Transcribe the stretch of entries below from the line with "แมนเชสเตอร์ ยูไนเต็ด จับตาการประมูล" through the line with "Sainokawara Open-Air Bath", exactly and with both ends included; leave out all other lines.

DATA UNDER STUDY: Begin

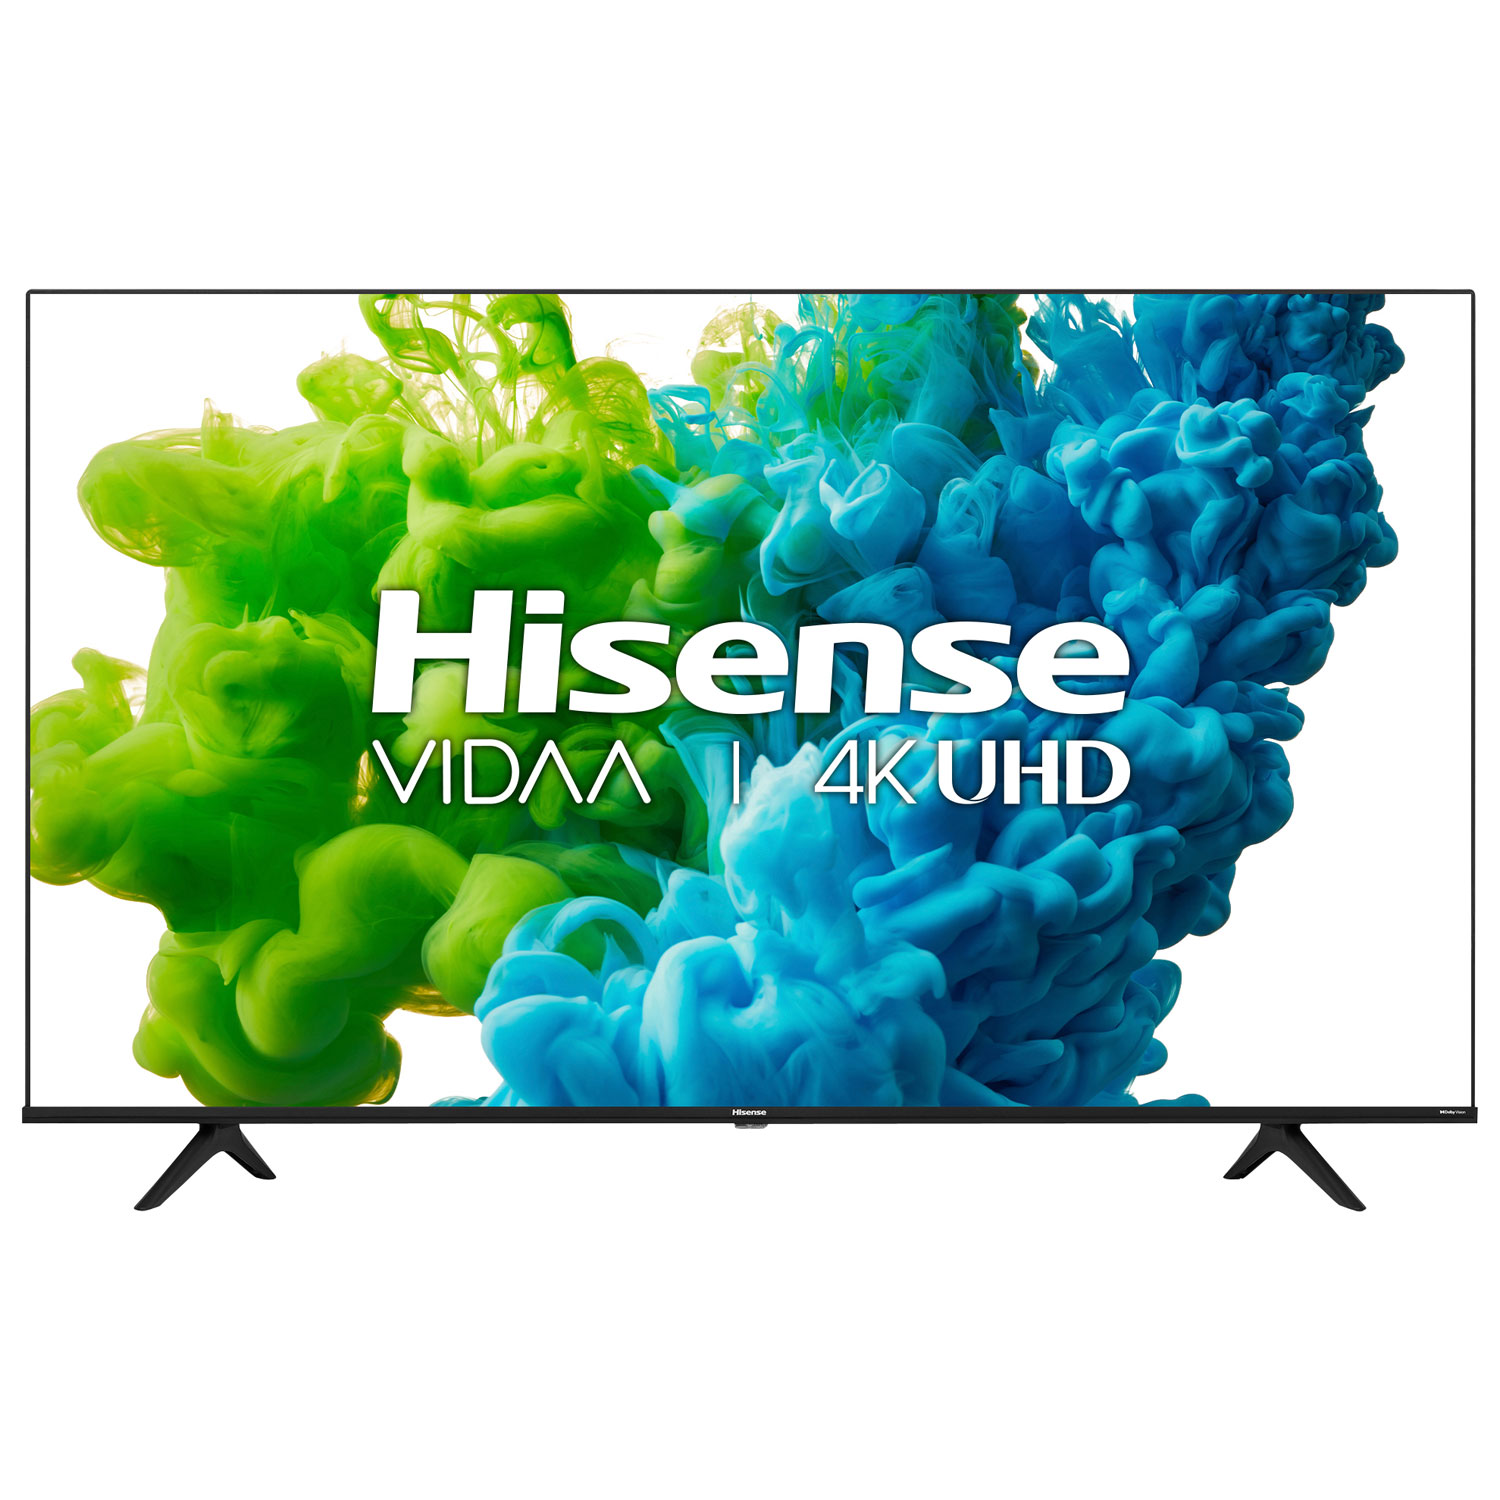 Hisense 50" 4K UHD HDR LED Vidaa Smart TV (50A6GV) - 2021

DATA UNDER STUDY: End
DATA UNDER STUDY: Begin

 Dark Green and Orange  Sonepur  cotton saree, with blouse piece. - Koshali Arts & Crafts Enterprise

DATA UNDER STUDY: End
DATA UNDER STUDY: Begin

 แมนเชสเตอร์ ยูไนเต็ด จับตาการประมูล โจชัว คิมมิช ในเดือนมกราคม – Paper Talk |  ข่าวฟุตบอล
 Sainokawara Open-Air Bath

DATA UNDER STUDY: End

→ OUTPUT FOR THIS EXERCISE:
 แมนเชสเตอร์ ยูไนเต็ด จับตาการประมูล โจชัว คิมมิช ในเดือนมกราคม – Paper Talk |  ข่าวฟุตบอล
 Sainokawara Open-Air Bath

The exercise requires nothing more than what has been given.